Baron Charles Athanase Walckenaer (25 December 1771 – 28 April 1852) was a French civil servant and scientist.

Biography
Walckenaer was born in Paris and studied at the universities of Oxford and Glasgow. In 1793 he was appointed head of the military transports in the Pyrenees, after which he pursued technical studies at the École Nationale des Ponts et Chaussées and the École polytechnique. He was elected member of the Institut de France in 1813, was mayor (maire) in the 5th arrondissement in Paris and secretary-general of the prefect of the Seine 1816–1825. He was made a baron in 1823.
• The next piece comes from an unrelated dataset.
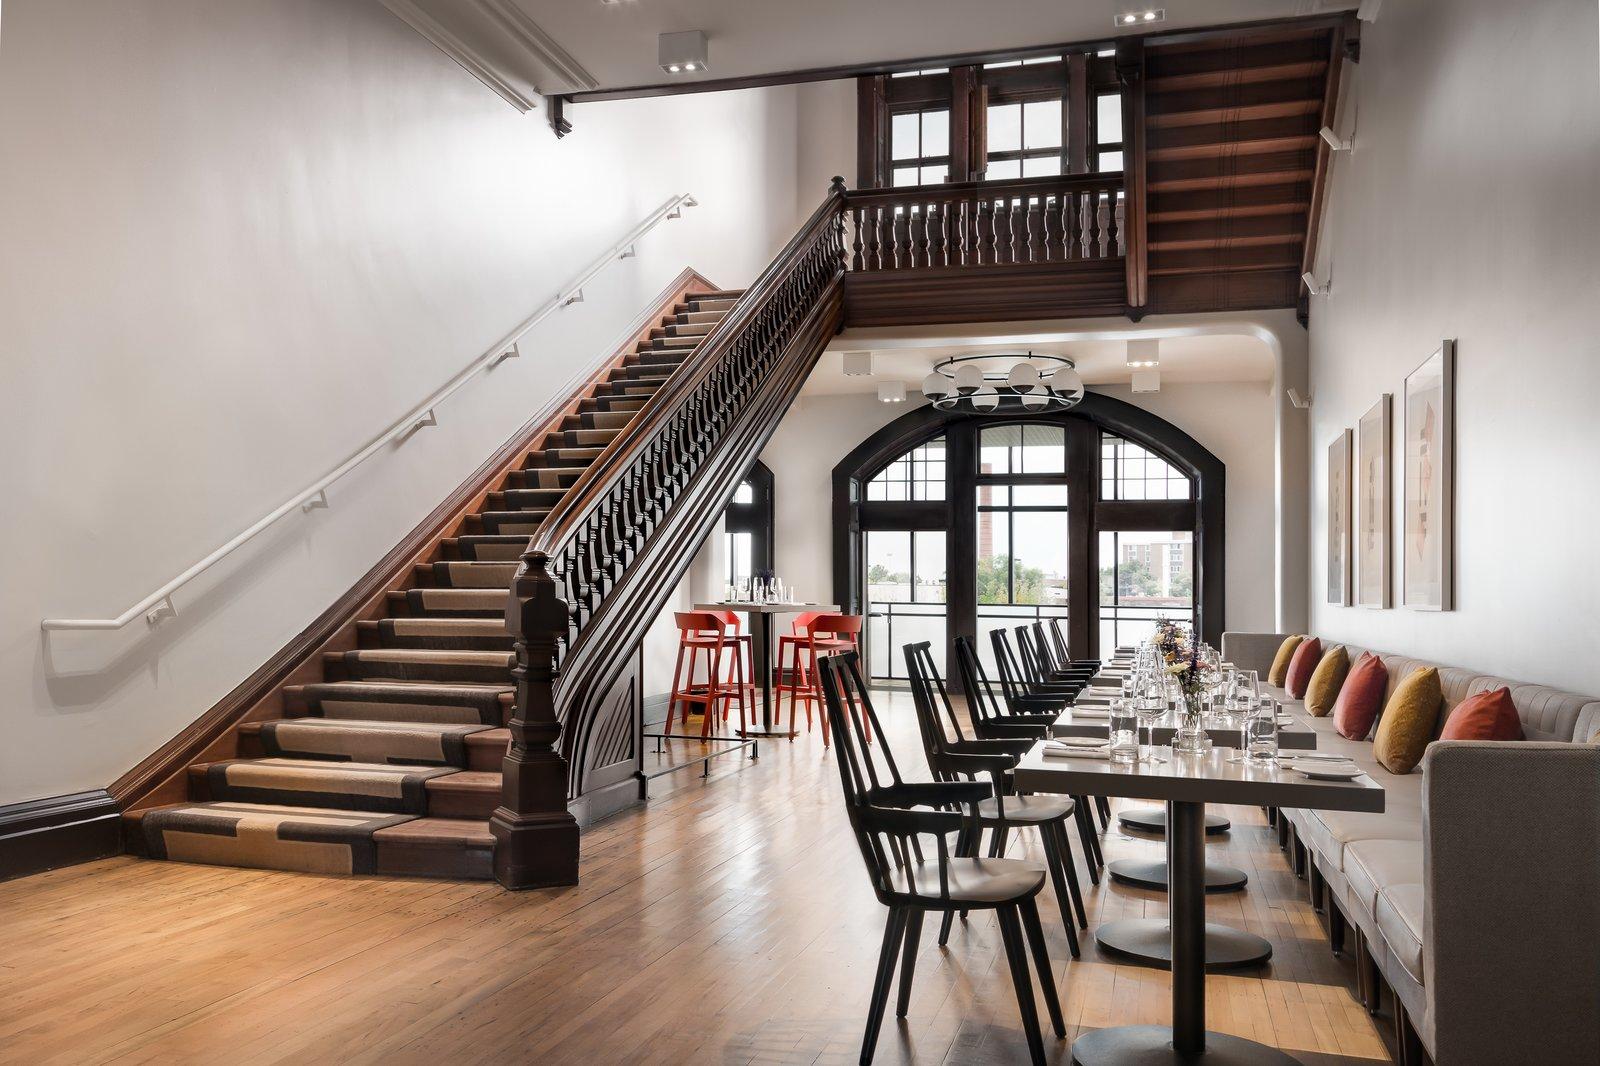 Dining Room 100 Acres Restaurant at Hotel Henry  Hotel Henry Urban Resort at Richardson Olmsted Campus

In 1839 he was appointed conservator for the Department of Maps at the Royal Library in Paris and in 1840 secretary for life in the Académie des Inscriptions et Belles Lettres. He was one of the founders of the Société entomologique de France in 1832, and a "resident member" of the Société des observateurs de l'homme.

Walckenaer introduced the full biography according to the English model into French literature through his works Histoire de la vie et des ouvrages de la Fontaine (1820, 4th ed. 1858), Histoire de la vie et des poésies d'Horace (1840; new ed. 1858) and Mémoires touchent la vie et les écrits de Mme de Sevigné (6 volumes, 1842–1865). In the works of La Bruyère, which he published in 1845, he returned to the original text.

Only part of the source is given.